You have to eat a hundred jars of cold cream, eighty-seven tissues as well, and then you have to drink the urine of the hunchback from Equity. If you can pass that test, you must come up with enough money to join the swimming team at the Billy Rose Aquacade, write a short essay on “Why stardom means so much to me, and who the hell are you anyway?” Old fogies and chauffeurs will feel you up, tear your clothes right off your back, and humiliate you in front of six and a half usherettes who will be throwing lit kitchen matches at you furiously, while chanting an ancient primal growl and scream. But when you hear the audience loving and accepting the horseshit you present to them nightly, you’ll know you’re home free, champion of the flesh, and happy medium of the expression, and that’s when you’ll end up in the bins.

Ashes:

When can I start?

(END of excerpt.)

Chapter 4 – Antics

Jackie Curtis and Director Ron Link on the way to a party in 1974.
Photo © Craig Highberger

Leee Black Childers

In all the time I knew her, she never left the door without looking like Jackie Curtis. So you opened the door a crack, thinking it might be a mass murderer, an ax murderer, but instead you have this weird flaming creature, standing there covered with glitter with her hair all over the place, in clothes that are safety-pinned together. And one of her signature things, which I don’t even think she began doing it on purpose – all these runs in her stockings.

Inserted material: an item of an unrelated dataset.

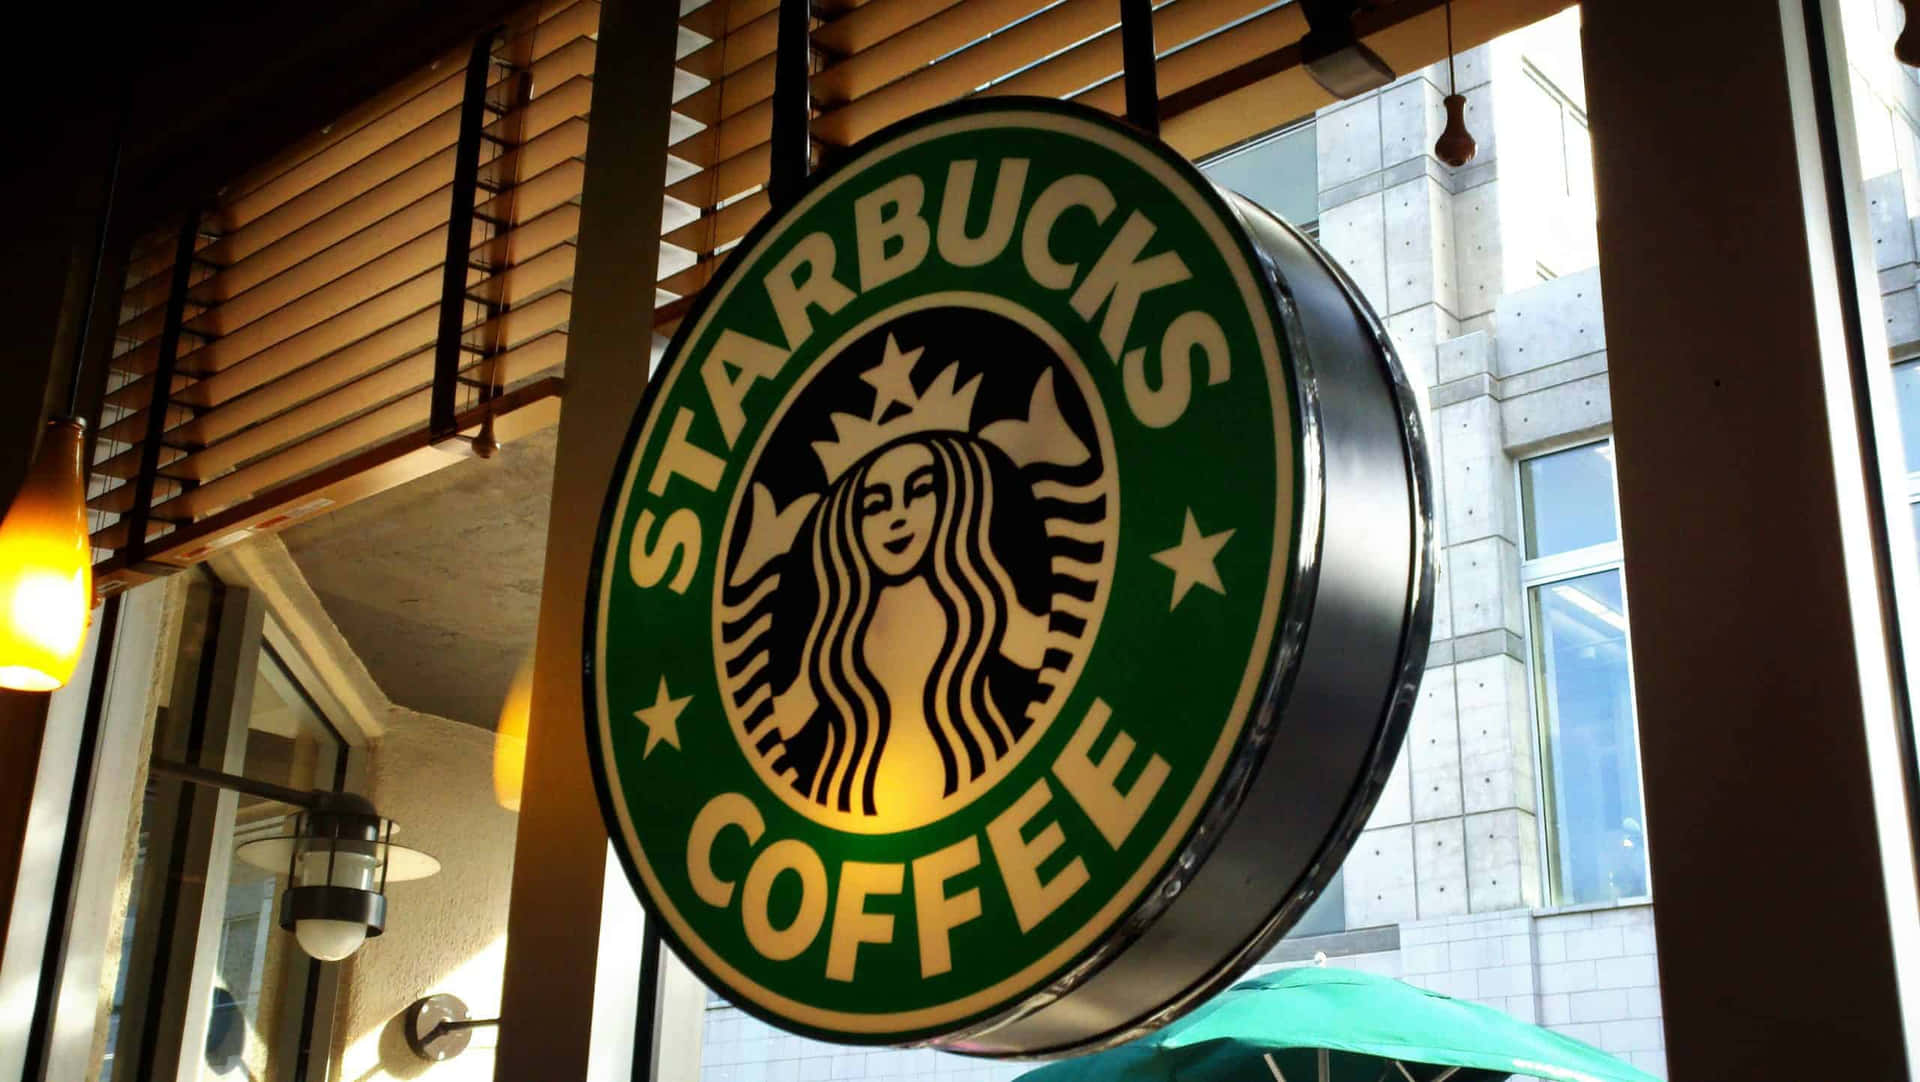 Enklassisk Starbucks Kopp Kaffe För Den Perfekta Morgonen

So one evening there is a knock at my door and it’s Jackie. She says, “Can you let me in? I have nowhere to hide, I have to hide out. Everyone thinks I’ve committed suicide. I threw all my clothes and things in the East River, and they floated downstream. They’ll be finding them soon. Everyone has to think I’m dead and I need a place to hide. Can I hide here?

I was this kid from Kentucky and here is this drag queen covered in glitter that has committed fake suicide – I thought what do I do with this? But at that time I didn’t know Jackie Curtis well enough to know that everyone would know it was just a Jackie Curtis stunt. Holly Woodlawn showed up at my door a few days later covered in black, with a boa made of black turkey feathers saying “I’m in mourning.” I said, Holly, Jackie’s right here! But Holly insisted, “I know, but I must appear to be in mourning,” and went like that to Max’s Kansas City, in all these black feathers and black chiffon for a person who everybody knew wasn’t dead.

Laura de Coppet

I have a memory of Curtis in my kitchen during a party, asking me a lot of questions about Leo Castelli. Castelli was an art dealer who I was seeing at the time. Andy Warhol’s art dealer. Leo and I had fallen madly in love in 1976, and started an affair. This was known by quite a few people and Jackie was very curious and asking a lot of questions, some of which I answered.

I like Jackie immediately. He was very, very funny. He would come over and would spend the night. He was very high on amphetamines, and we’d talk talk talk talk until around three or four in the morning I would be so exhausted I would say, “Curtis, I have to go to bed.” He said, “Oh that’s okay, I have some notebooks here, I’ll just stay up an write sweetheart, you go on to bed.” So I did. Now a boyfriend of mine had give me a case of imported French after dinner wine, it was like a Sauterne, very very sweet and it’s mean to be sipped slowly in very small amounts. And it is not cheap. This had been explained to Curtis.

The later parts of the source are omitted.